Мы вошли в целомудренную светелку, именно в такой, по моим понятиям, и должна была жить медсестра. Стерильно-белый тюль, кокетливый абажурчик под потолком, круглый стол с салфеточкой из пестрой соломки, на нем – ваза с ромашками и васильками, в тон абажуру, торшеру, обоям и вообще всему. Несколько выпадал из общего дизайна гобелен на стене над кроватью, да не гобелен, важно сказано, просто коврик стенной: по серому фону над серо-зеленым лесом – стая шелковых журавлей, под ними озеро, тоже шелковое, в нем малиново отражается солнце. Над маминым изголовьем висел такой же, с болотом и журавлями, в детстве я думал, что на нем нарисован небесный рай. Катин гобелен был, наверное, тоже семейной реликвией. И кровать, стыдливо отгороженная от двери раздвижной ширмой вьетнамского производства, была из каких-то довоенных времен: металлическая койка, даже, я бы сказал, полукойка, правда, накрытая куском драпировочной ткани – той же, из которой и гардины на окне. В комнате у Кати было тепло и сумрачно, за окном, зеленея, шелестел под дождем земляной одноэтажный дворик с ломаной сиренью и тополями, тоже мне неуловимо знакомый, хоть я у Кати никогда и не бывал: я уверенно мог сказать, что с левого края там стоит железный гараж, а справа – старая деревянная беседка, почернелая от дождя.

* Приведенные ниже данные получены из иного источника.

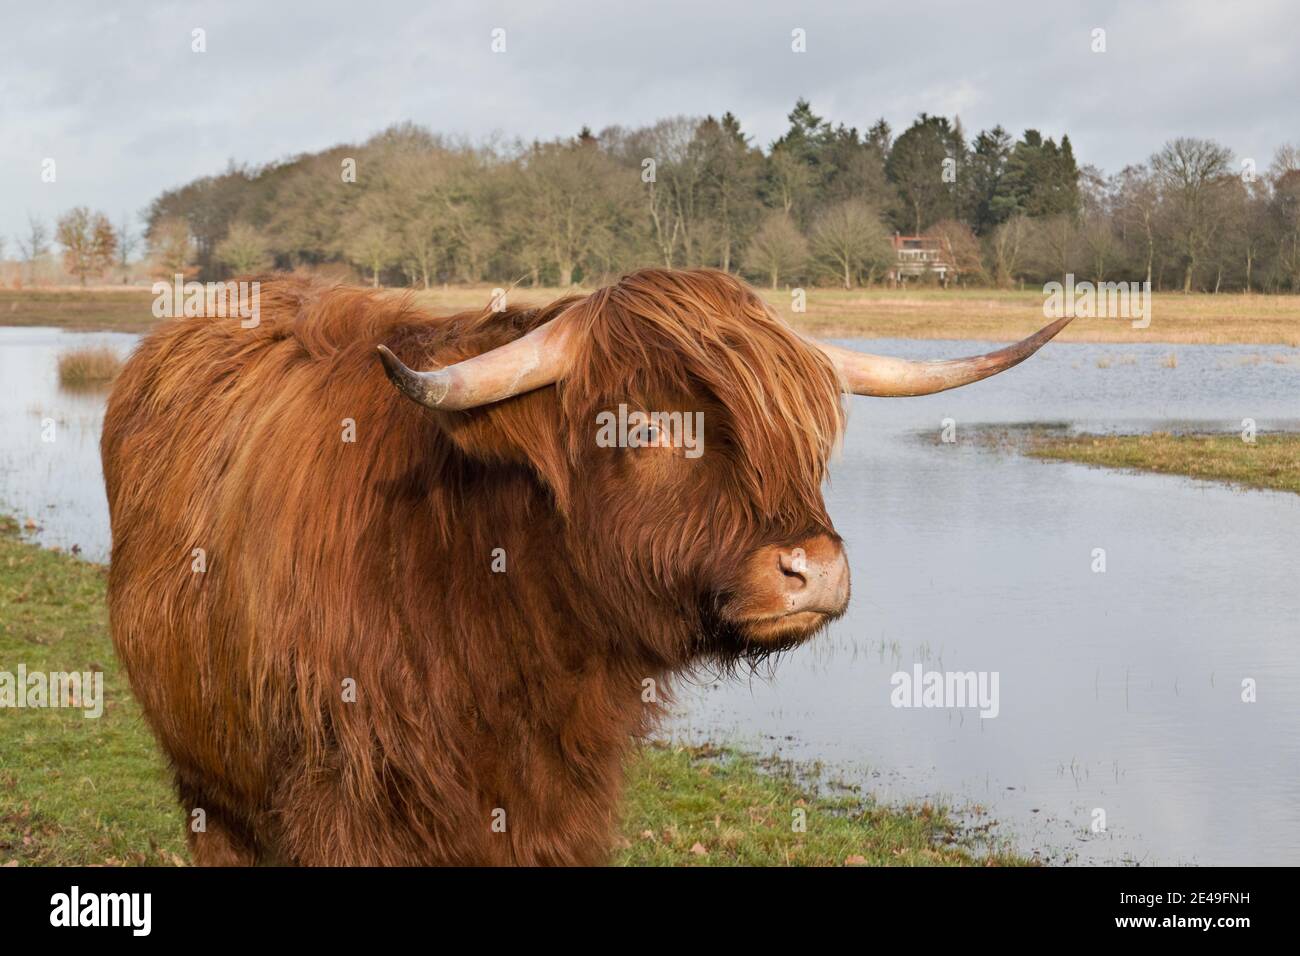 Vache écossaise de montagne avec de longs cheveux rouges, de longues cornes et un visage mignon Banque D'Images

Войдя и закрывши дверь, Катя сразу включила свет, словно для того, чтобы я лучше ее рассмотрел. Так мы стояли и разглядывали друг друга: я – спиной к окну, чтобы скрыть свое безобразие, Катя – возле стола, прислонившись к нему бедром, как бы позируя для дагерротипа. Среди плотно декорированного уюта нагота ее выглядела, нужно сказать, диковато. Сотни, тысячи раз с той поры, как люди нас с ней растащили, рисовал я в своем воображении ее облик, по чертам лица домысливая линии ее бедного тела. Катины бедра были украшены тонкими сине-красными узорами уставших сосудов, мелкие груди подернуты молочной рябью. "Брюнетки остры, как ананас, – говаривал Гарик, эксперт по женскому делу, – блондинки – нежны, как ломтик дыни. И то и другое – очень хорошо". Что сказал бы он, увидев Катю? "Хур-рма", – или что-нибудь в этом роде. Впрочем, при невзрачном Катином личике иного и не следовало ожидать. Длинноватый нос, ротик ижицей, маленькие глазки, пестрые от родинок и прыщиков щечки – значит, жди изъянов и на теле. На левом бедре у Кати багровело большое родимое пятно, другое, лиловое – выше, в области паха. Пятна были велики и, сказать по правде, лучше бы они были одинакового цвета. Мне стало жалко Катю, как родную сестру: мы с нею оказались товарищи по несчастью. Правда, она могла скрывать свое уродство, но еще неизвестно, лучше ли это: скрывать и постоянно помнить.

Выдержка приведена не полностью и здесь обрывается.